Бурьян положил трубку и через междугородную вызвал область:
— Соедините меня с первым секретарем обкома. Доложите, что звонит прокурор из Свияжска. Нет, с областным прокурором мне разговаривать незачем. Скажите, что звоню по делу Глебовского. Да-да, он в курсе.
Костров откликнулся очень быстро:
— Товарищ Бурьян? Слушаю. Что новенького?
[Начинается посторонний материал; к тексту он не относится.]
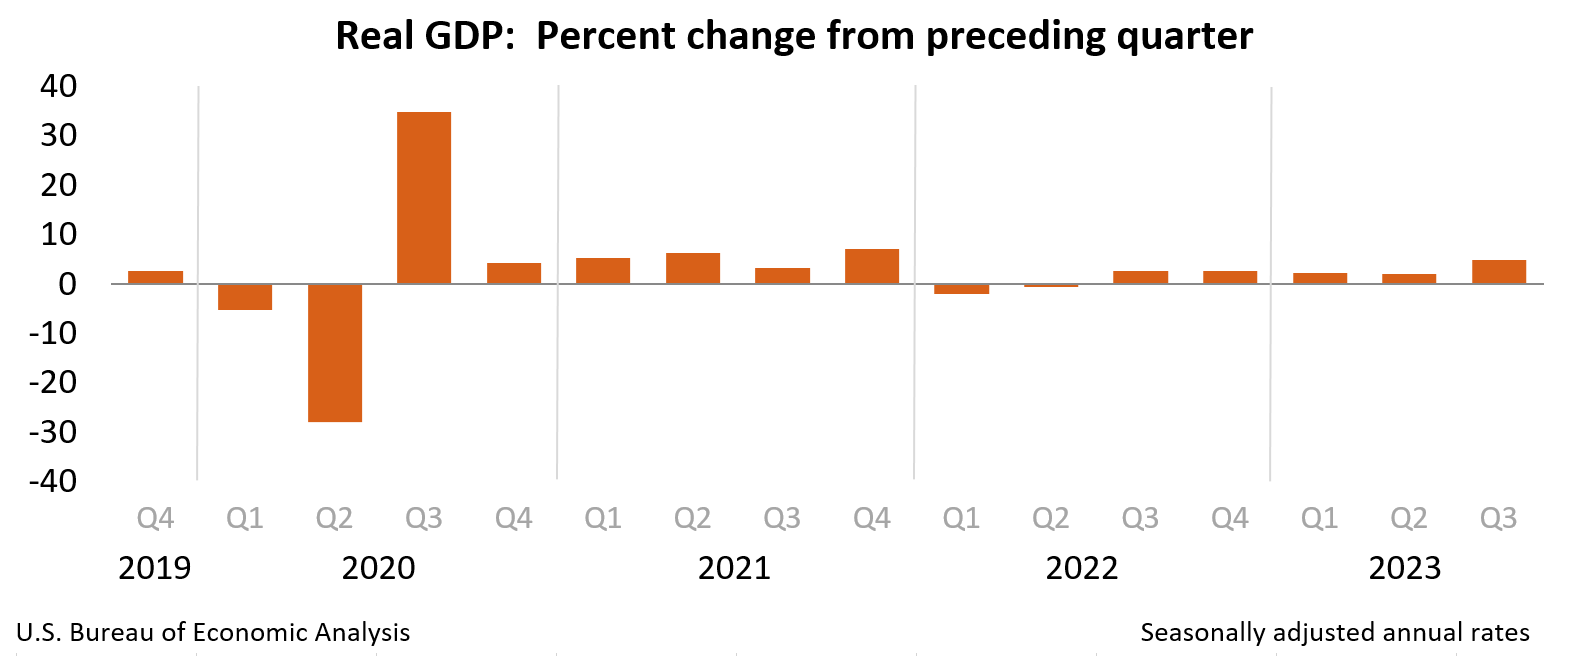 GDP Growth.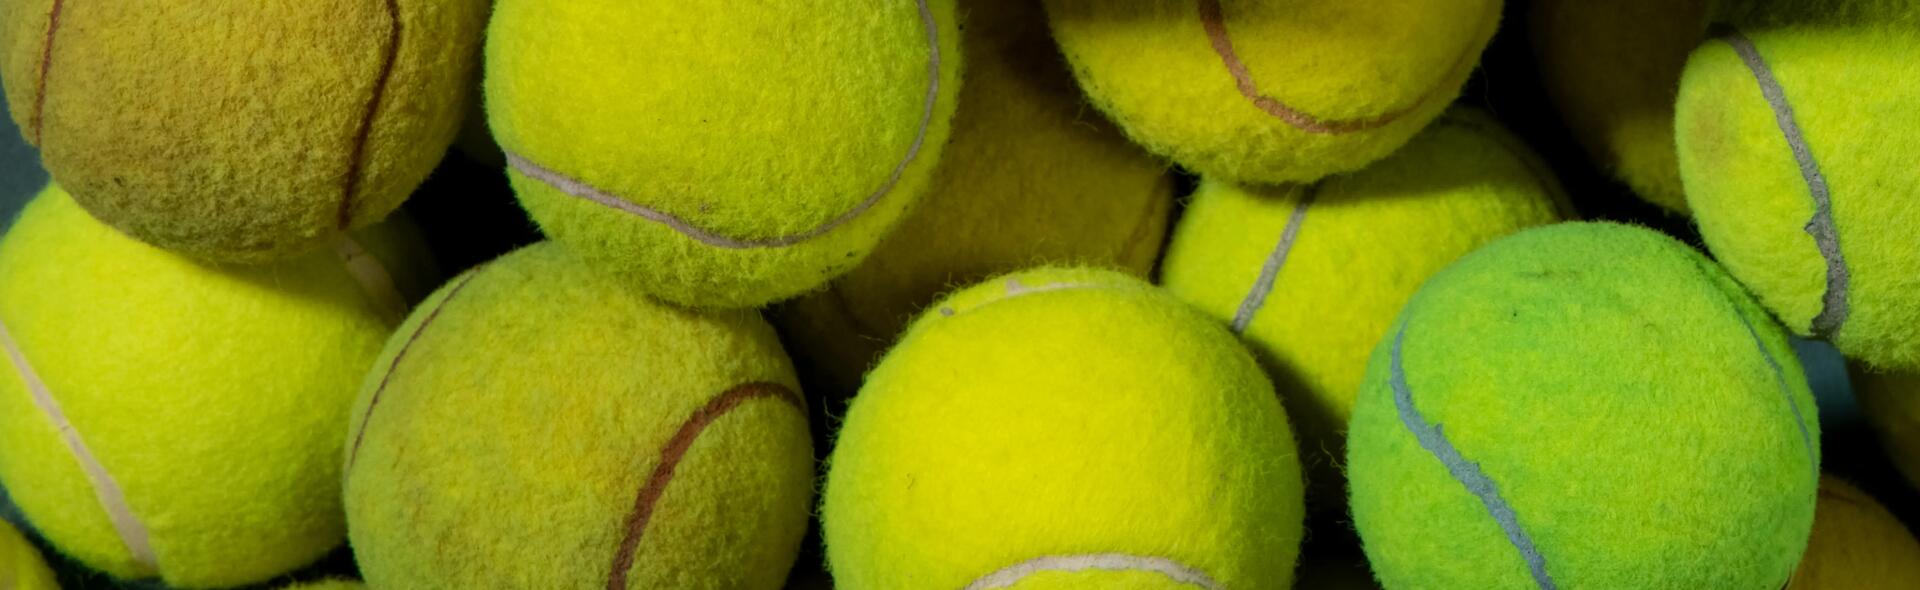 A pile of tennis balls

— Могу вас порадовать, Аксен Иванович. Следствие хотя еще не доведено до конца, но у меня уже налицо ряд существенных доказательств невиновности Глебовского. Да, стрелял не он. То была инсценировка убийства, хитро и умело продуманная. Кто виновен, пожалуй, уже знаю. И в связи с этим у меня к вам несколько вопросов. Не удивляйтесь: все вопросы относятся к вашему партизанскому прошлому. Первый: у вас есть фотокарточка партизанской группы Глебовского?
— Есть. Не при себе, конечно. Снимал нас прилетевший на самолете фотокорреспондент из Москвы. На другой день мы, разделившись, вышли на соединение со своими: артиллерия уже бухала где-то вдали. Да, вот еще кое-что. Перед разъединением пришли к нам двое в лесу, один с бумажкой от руководителя городского подполья, другой без документов. Мухиным назвался, а документы потерял, говорит. Может, и вправду потерял: в боях всяко бывает. Но Глебовский построже — расстрелять, мол, и все. А мне жаль стало парня, глупо ни за что людей в расход пускать. Со своей группой в поход по болоту взял, по дороге, говорю, проверю. И проверил, когда он наш десяток на шоссе к гитлеровским броневикам вывел. Мы и очухаться не успели, как нас по рукам и ногам колючей проволокой связали. А я лежу, носом в мокрый торф уткнувшись, и слышу: «Эрханген», — говорят. А гауптман ему: «Кейне цейт, эршиссен». Кумекаю, мол, что времени у них мало, расстреляют, значит. И расстреляли. Этот парень, между прочим, которого я пожалел, редкой сволочью оказался. Каждого в голову, ну и меня так же. Только у него рука, что ли, дрогнула, а пуля по черепу прошла да волосы с кожей срезала. Ну, пока я без сознания лежал, все гестаповцы уехали. И Мухин с ними. Мухин — это тот предатель, который нас расстреливал. Он на фотокарточке рядом со мной стоит. А второго не помню, он с Глебовским ушел.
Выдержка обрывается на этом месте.